The USMCA joint review is a structured process with a defined timeline, and it will produce outcomes — whether continuation, amendment, or something more disruptive — that will shape North American trade for the next decade. Operations leaders who treat it as background noise are making a choice, even if it does not feel like one.

 

Understanding your exposure, building scenario models, engaging the policy process, and making sure the right logistics partner is in place are not heroic undertakings. They are the kind of proactive planning that separates supply chains that absorb disruption from those that are defined by it. The review has started. The work starts now.

FAQ title here

The USMCA includes a mandatory six-year review mechanism under which the U.S., Mexico, and Canada formally assess whether to extend the agreement, propose amendments, or signal intent to withdraw. July 1, 2026 marks the start of the first such review. It does not automatically trigger renegotiation, but it opens a structured process that could lead to meaningful changes in the agreement’s terms — and creates significant advocacy pressure from all sides.

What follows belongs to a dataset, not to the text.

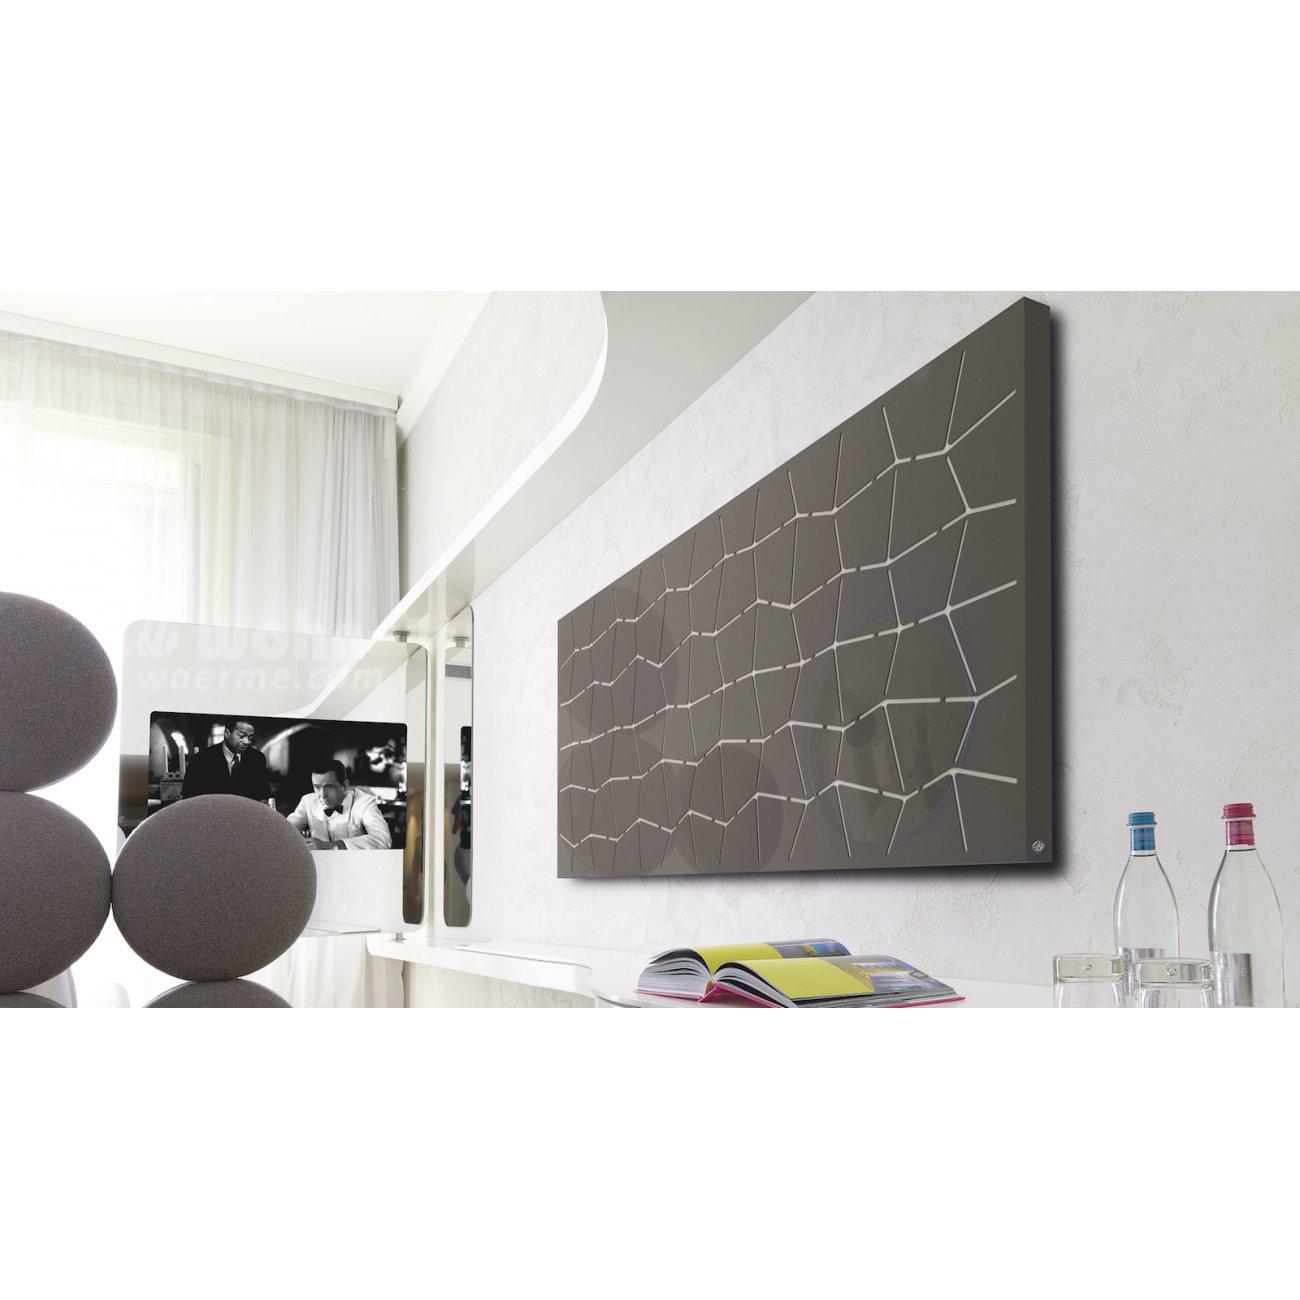 bei trama von k8 radiatori wirken die zwei schichten. Black Bedroom Furniture Sets. Home Design Ideas

A party that signals intent to withdraw during the review process triggers a renegotiation window. Whether that happens depends on the political posture each government brings to the process. The more likely near-term scenario is targeted advocacy for amendments to specific provisions — rules of origin, labor enforcement mechanisms, or sector-specific terms — rather than full withdrawal. That said, supply chain leaders should model for a range of outcomes rather than defaulting to an assumption of continuation.

USMCA provides preferential duty treatment for goods that meet its rules-of-origin requirements. If those requirements tighten in your product categories, goods that currently qualify may no longer do so, exposing them to standard most-favored-nation tariff rates. Depending on the category and current duty differential, that shift can have significant landed cost implications and may force supplier or sourcing decisions that were not part of the original nearshoring calculus.

Rules of origin define how much of a product’s value must be produced within the USMCA region — through regional value content thresholds, material sourcing requirements, or manufacturing process standards — in order to qualify for preferential duty treatment. If those thresholds change, brands may need to adjust supplier relationships, shift input sourcing, or restructure manufacturing arrangements to maintain qualification. This is one of the most operationally consequential areas the review could affect, and the one most worth modeling in advance.

Start with a USMCA exposure audit: map which products and trade lanes rely on preferential treatment and understand the duty exposure under alternative scenarios. Then build scenario models around plausible review outcomes, tighten customs documentation and compliance records, and engage the policy process through industry associations where your category has exposure. Working with a logistics partner that carries deep cross-border expertise in Mexico — and actively tracks USMCA developments — is also a meaningful operational advantage during this period.